Abstract Title

NADPH Oxidase (NOX1) Mediates Testosterone-Induced Neurodegeneration

Presenter Name

Mavis A. Tenkorang

RAD Assignment Number

1812

Abstract

Purpose: One of the primary characteristics of Parkinson’s disease (PD) is oxidative stress (OS). Men have a higher risk for PD than women. Testosterone, a primary male sex hormone has been implicated in PD, and is a known oxidative stressor. Previous studies in our lab have shown that testosterone exacerbates OS damage in dopaminergic neurons. However, the mechanism by which testosterone increases OS is unknown. We hypothesize that in dopaminergic cells, testosterone increases OS by activating NOX 1, a major OS generator in cells.

Methods: To test our hypothesis, we used a dopaminergic cell line (N27 cells).
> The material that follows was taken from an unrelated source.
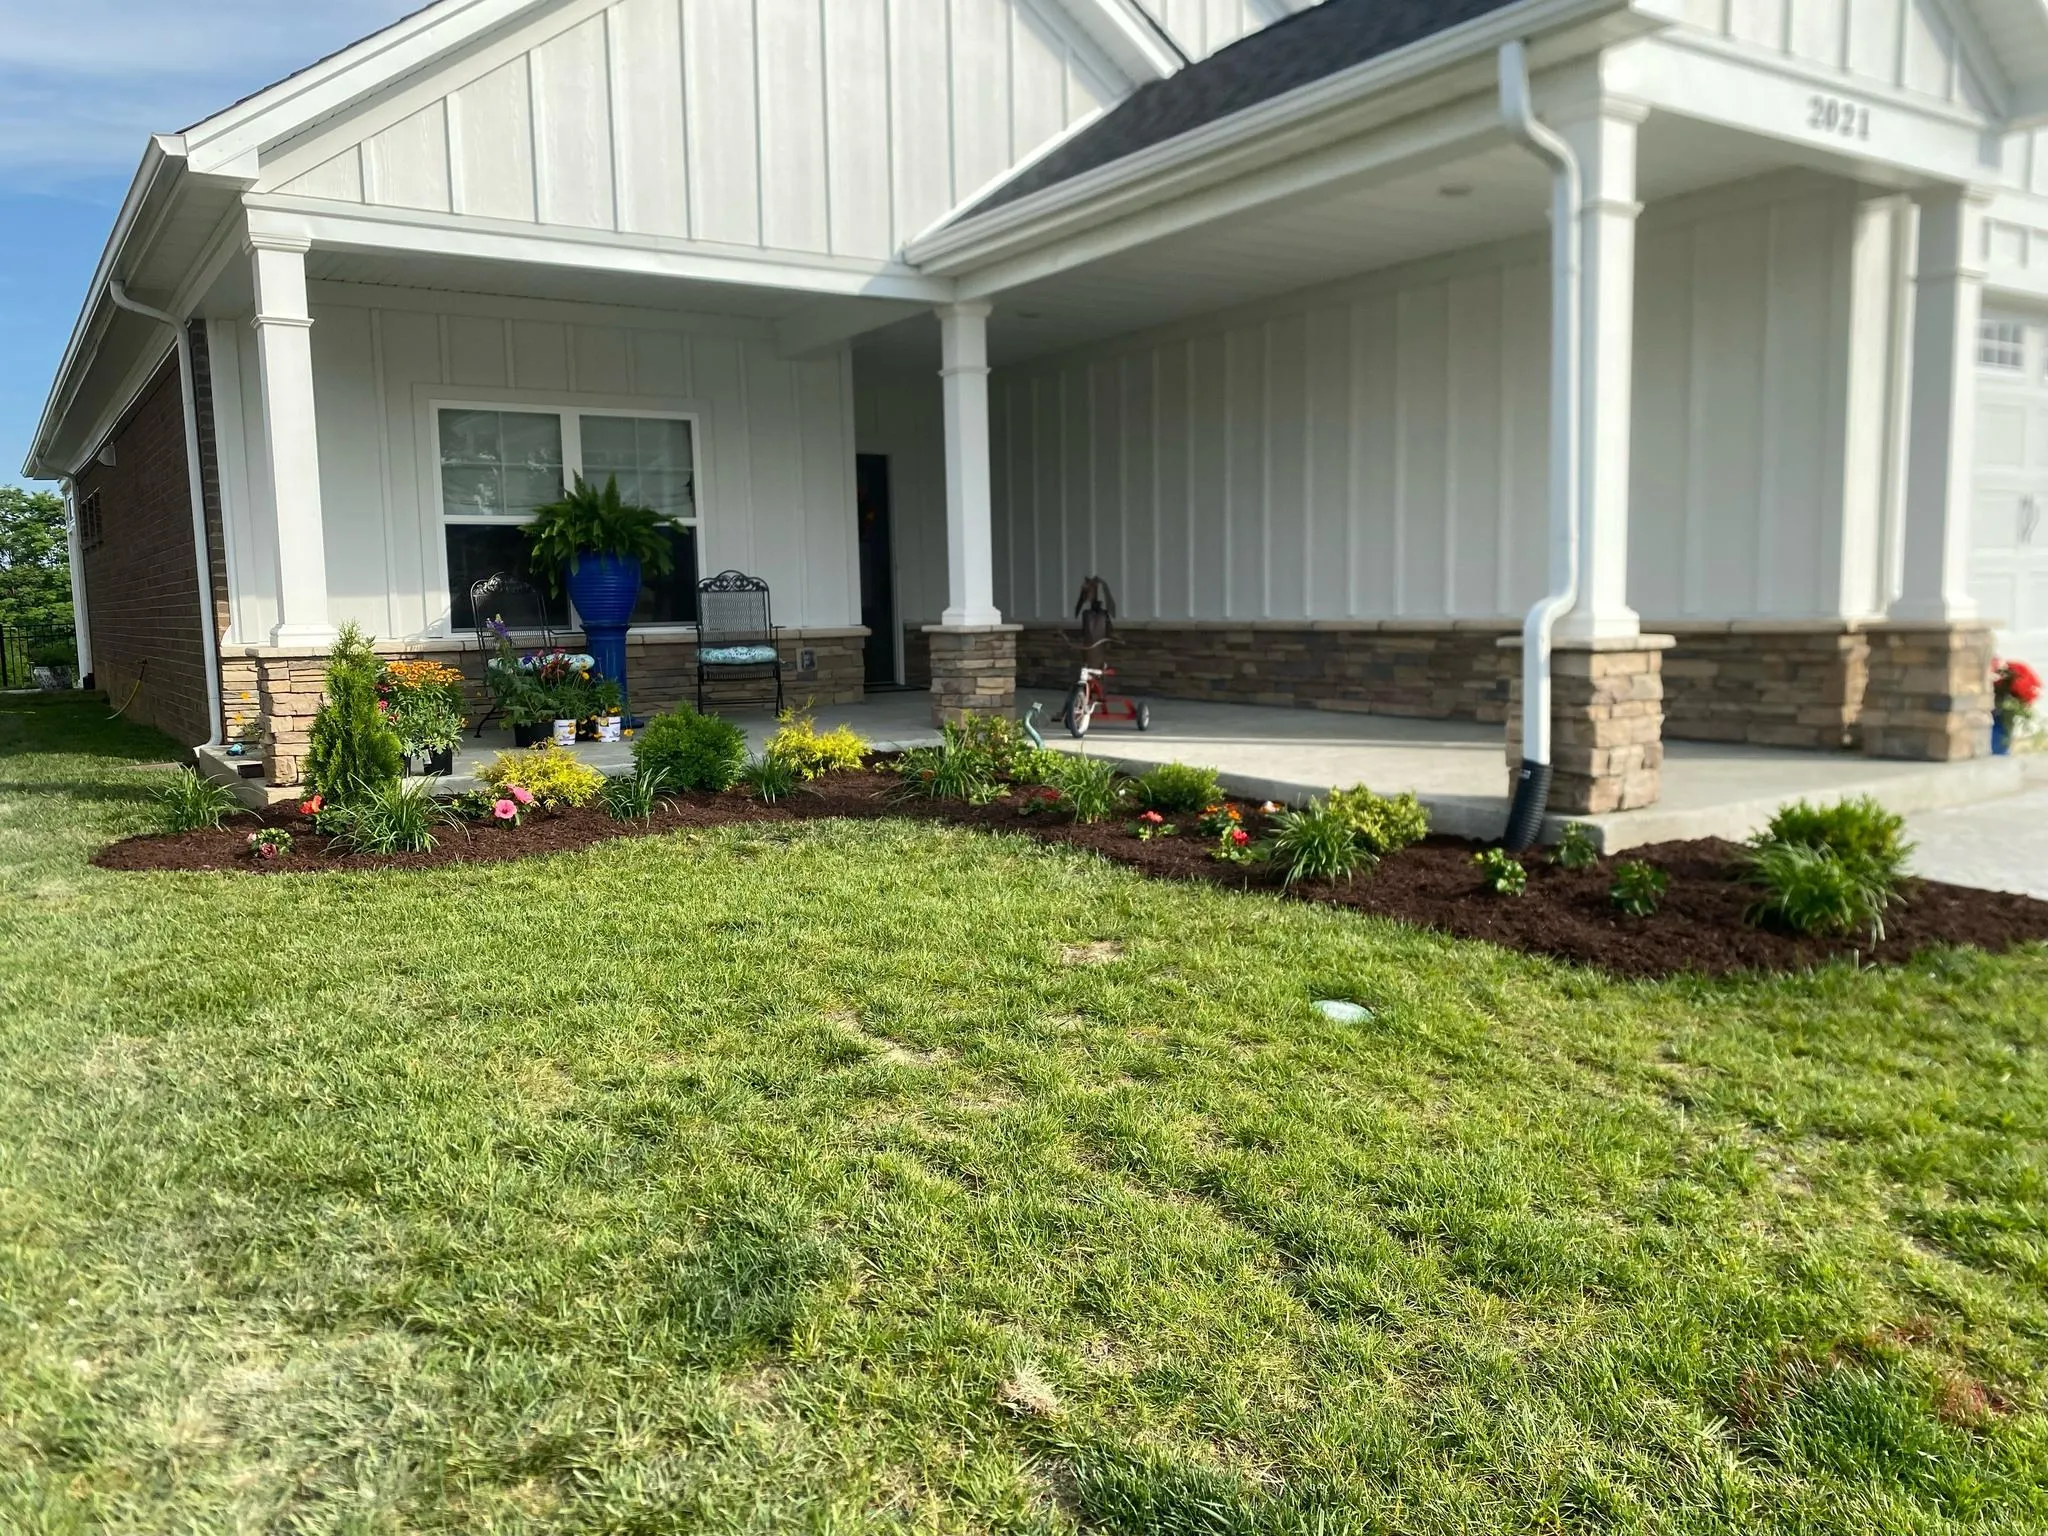 Landscaping for Lamb's Lawn Service & Landscaping in Floyds Knobs, IN

For an oxidative stressor, we used tert-butyl-hydrogen peroxide (H2O2) to induce 20% cell loss prior to testosterone (100nm) administration. NOX1 inhibitors (Apocynin, Diphenyleneiodonium-DPI) were administered before H2O2 exposure. Cell viability was quantified using the MTT assay.

Results: Testosterone is only damaging in the presence of OS. DPI, alone, was damaging to N27 cells, hence this was no longer used as a NOX1 inhbitor. Unlike DPI, Apocynin had no effect on cell viability. Further, Apocynin did not alter H2O2-induced cell loss, indicating that H2O2 increases OS via a non-NOX1 mechanism. However, Apocynin blocked testosterone’s damaging effects in an oxidative stress environment.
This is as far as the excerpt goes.